The DCGA has divided the drones into 5 categories based on their maximum take-off weight:

  1. NANO: less than or equal to 250 grams
  2. MICRO: greater than 250 grams and less than or equal to 2 kg
  3. MINI: greater than 2 kg and less than or equal to 25 kg
  4. SMALL: greater than 25 kg and less than or equal to 150 kg
  5. LARGE: greater than 150 kg

UAVs were most often associated with the military. Drones are now also used in a wide range of civilian roles ranging from search and rescue, surveillance, traffic monitoring, weather monitoring and fire fighting to personal drones and business drone-based photography, as well as videography, agriculture and even delivery services.

Drone use is allowed in India, but there are several drone laws that need to be followed when flying in the country.

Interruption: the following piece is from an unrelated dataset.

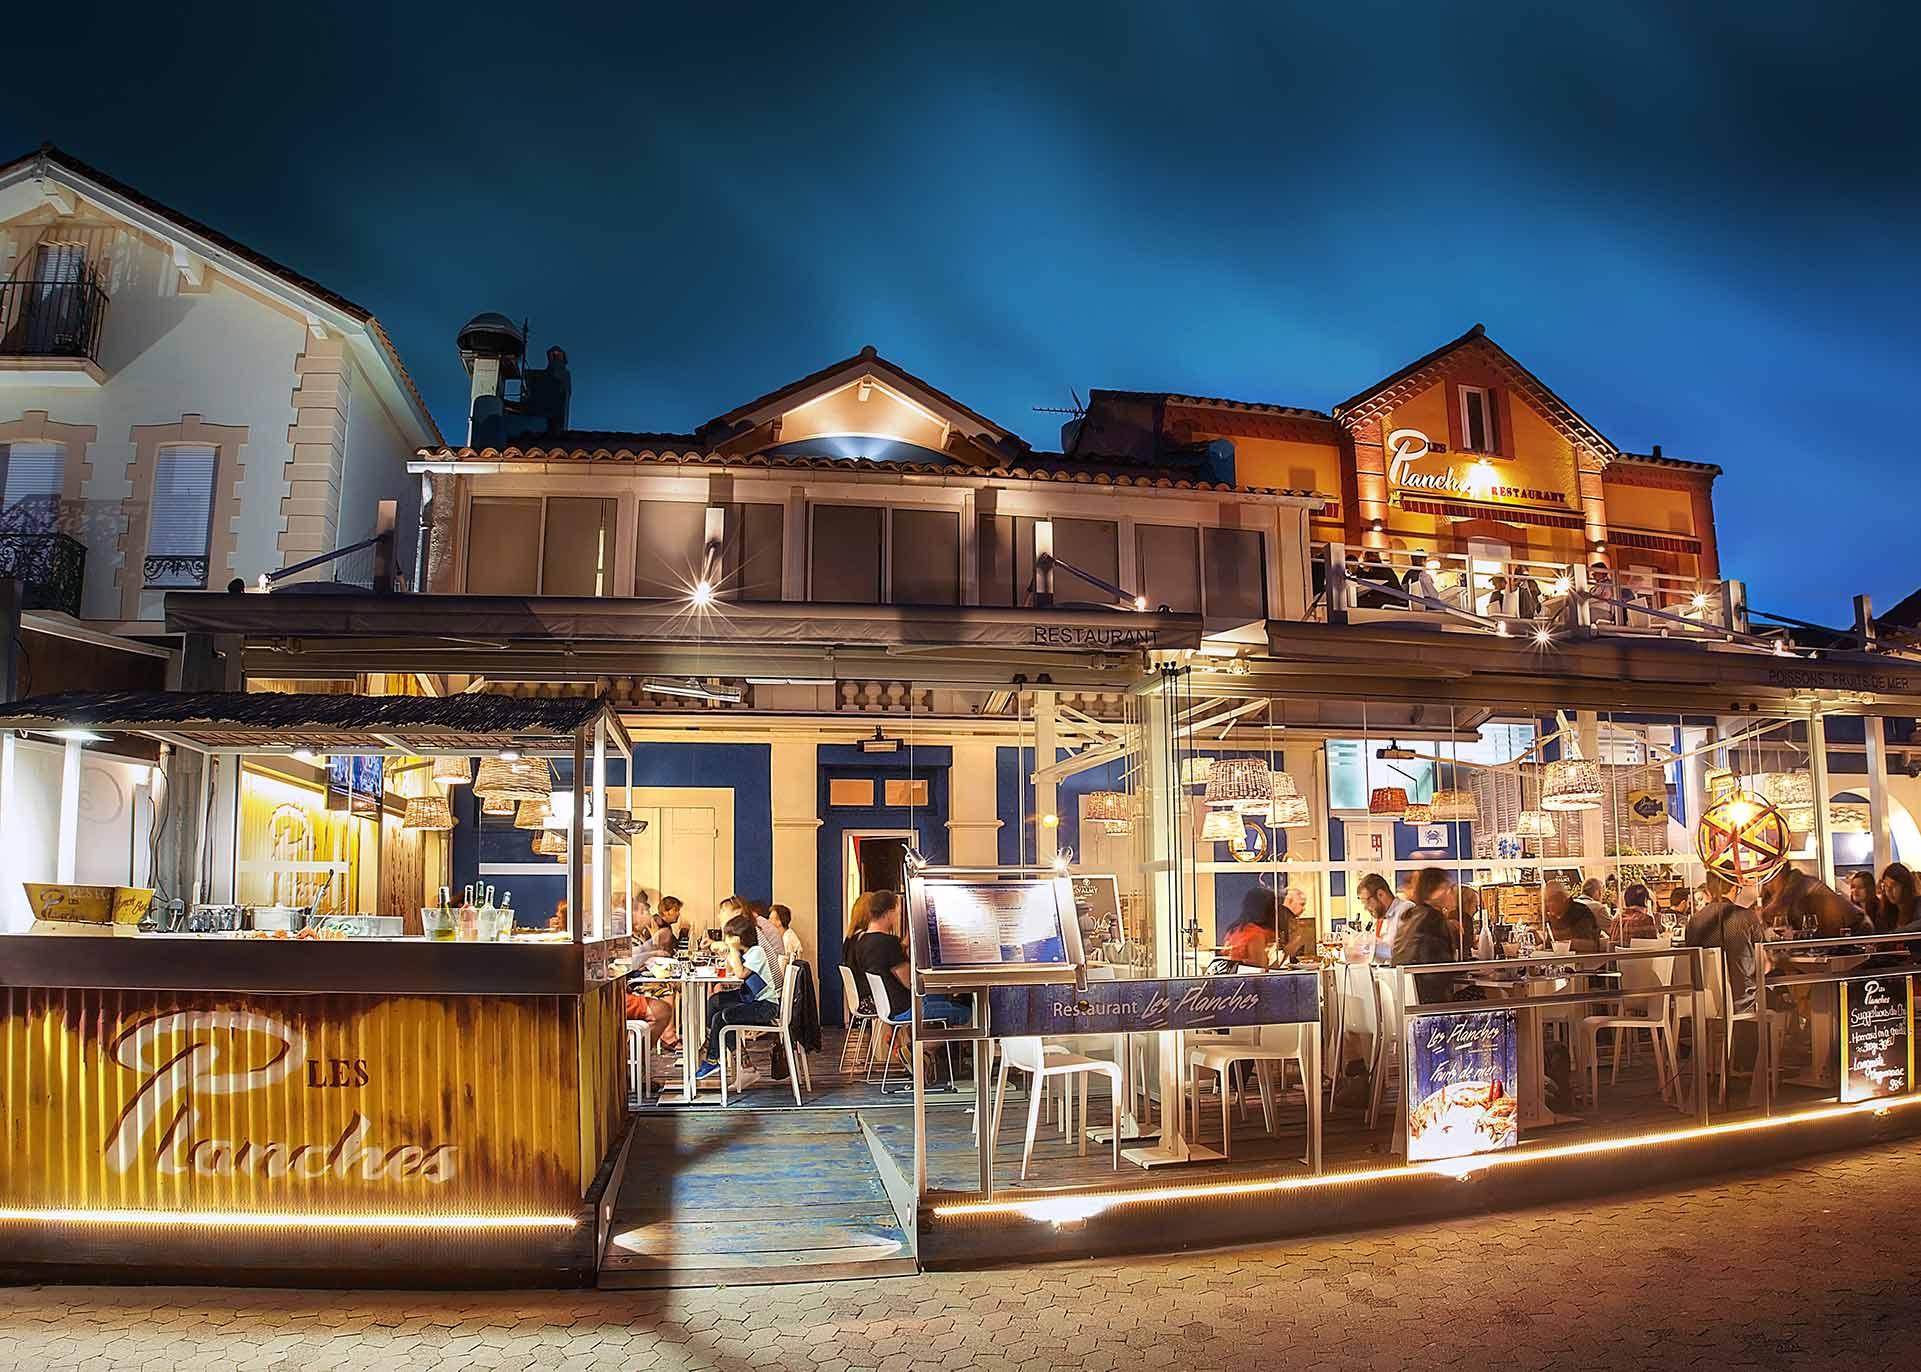 Restaurant-Les-Planches-Argeles-sur-Mer-Specialite-Poissons-Fruits-de-Mer-Nuit-Bon

Before flying a drone in India, there arefew poins we shold keep in mind.

  1. Don’t fly Drone
  • Over densely populated area
  • Within 5 km of airport
  • Within 5 km where aircrafts are operating
  • In sensitive area like govt. or military area
  • Within 50km from border
  • More than 500 meters into the sea, from the coastline.
  • 5km of Vijay Chowk in Delhi
  • Over National park or Wildlife Sanctuaries
  • From mobile platform like moving vehicle, ship of aircraft
  1. You must be at least 18 years old and have completed a training course

Though the  training requirements for remote pilots are not applicable for micro category UA & recreational flying.

  1. Fly your drone in day light and in good weather as well as within visual line of sight
  2. A permit is required for commercial drone as well as recreational use in India.
  3. The owner/operator shall be responsible for the safe custody, security and access control of the UAS. In case of loss of UA, the operator shall report immediately to local administration/ police, BCAS and DGCA
  4. Operator shall ensure that no Radio Frequency Interference (RFI) is caused to air traffic operations and air navigation equipment.

Registration of Drones

The remote pilot must acquire the same level of training as the aircrew of a manned aircraft or a private pilot license holder. Such a requirement is unreasonable and may give rise to a situation, wherein despite legalizing civil use of drones in India we won’t find drone activities carried out due to the lack of trained remote pilots.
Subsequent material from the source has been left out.